The interesting thing is that all of those pieces are already being played by the orchestras ad-nauseam. But they want more!. It is the petit bourgeois mentality. Similar to those ubiquitous pop songs, they think that this same "logic" also should apply to classical music. I see absolutely no utility in this kind of polls. Populism is the killing of art.


----------



## aleazk (Sep 30, 2011)

moody said:


> Well.that'll teach them not to ask again won't it ?


hey, it could have been worse! :lol::


----------



## Truckload (Feb 15, 2012)

This looks like a really interesting concert. I would love to attend. It is also a very clever marketing idea. 

The modern orchestra in America is struggling. The costs keep rising, while revenue is not keeping up. Many are concerned that with the drastic cuts in music education in our schools the future audience for art music performance is in question. 

If new marketing ideas like this will help the professional orchestra to survive, I am all for it.


----------



## Hausmusik (May 13, 2012)

aleazk said:


> hey, it could have been worse! :lol::


Watch at your peril, aleazk:


----------



## moody (Nov 5, 2011)

Arsakes said:


> Tchaikovsky: 1812 Overture isn't short, March of the Slaves should be more popular by people's logic because it is more cool and shorter...

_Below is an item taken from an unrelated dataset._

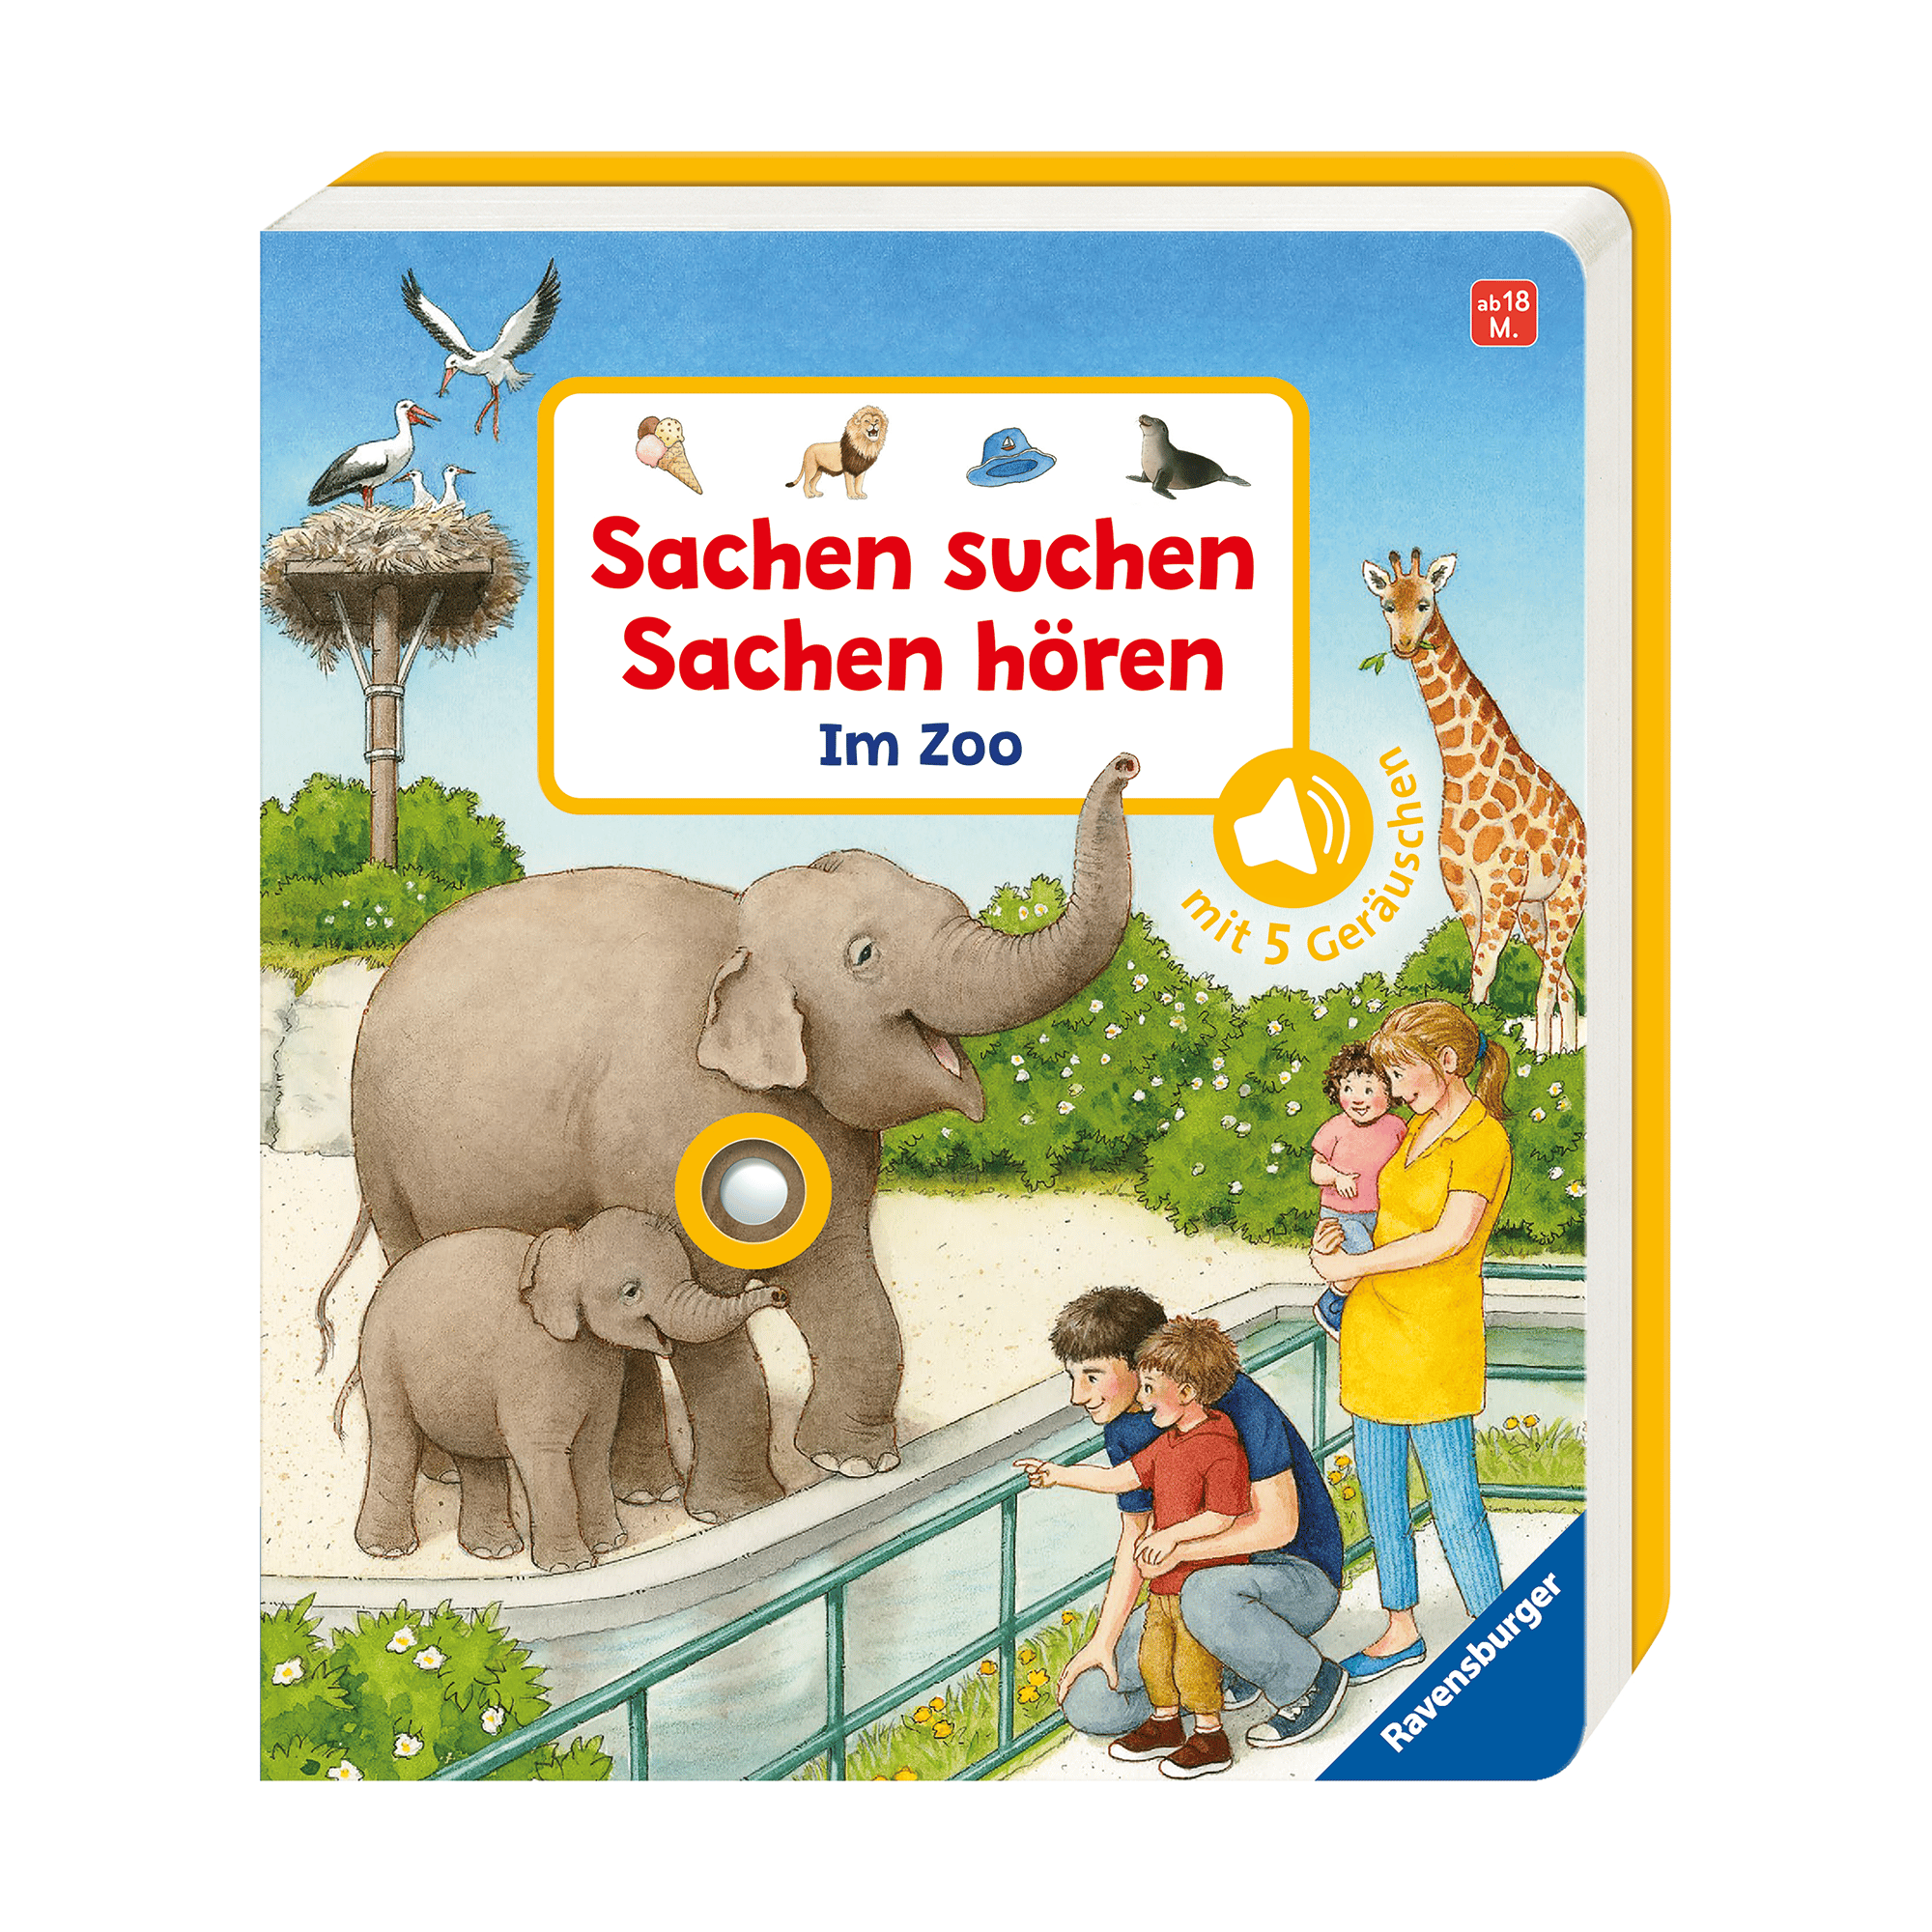 Sachen suchen, Sachen hören: Zoo Ravensburger Mehrfarbig 2000577843602 1

It's geographical i.e. Slavic March.


----------



## arsnova (Jan 20, 2013)

Truckload said:


> This looks like a really interesting concert. I would love to attend. It is also a very clever marketing idea.
> 
> The modern orchestra in America is struggling. The costs keep rising, while revenue is not keeping up. Many are concerned that with the drastic cuts in music education in our schools the future audience for art music performance is in question.


But surely this is exactly the problem - if concert goers are only ever exposed to the music they know how on Earth will they ever be encouraged to explore music they don't know?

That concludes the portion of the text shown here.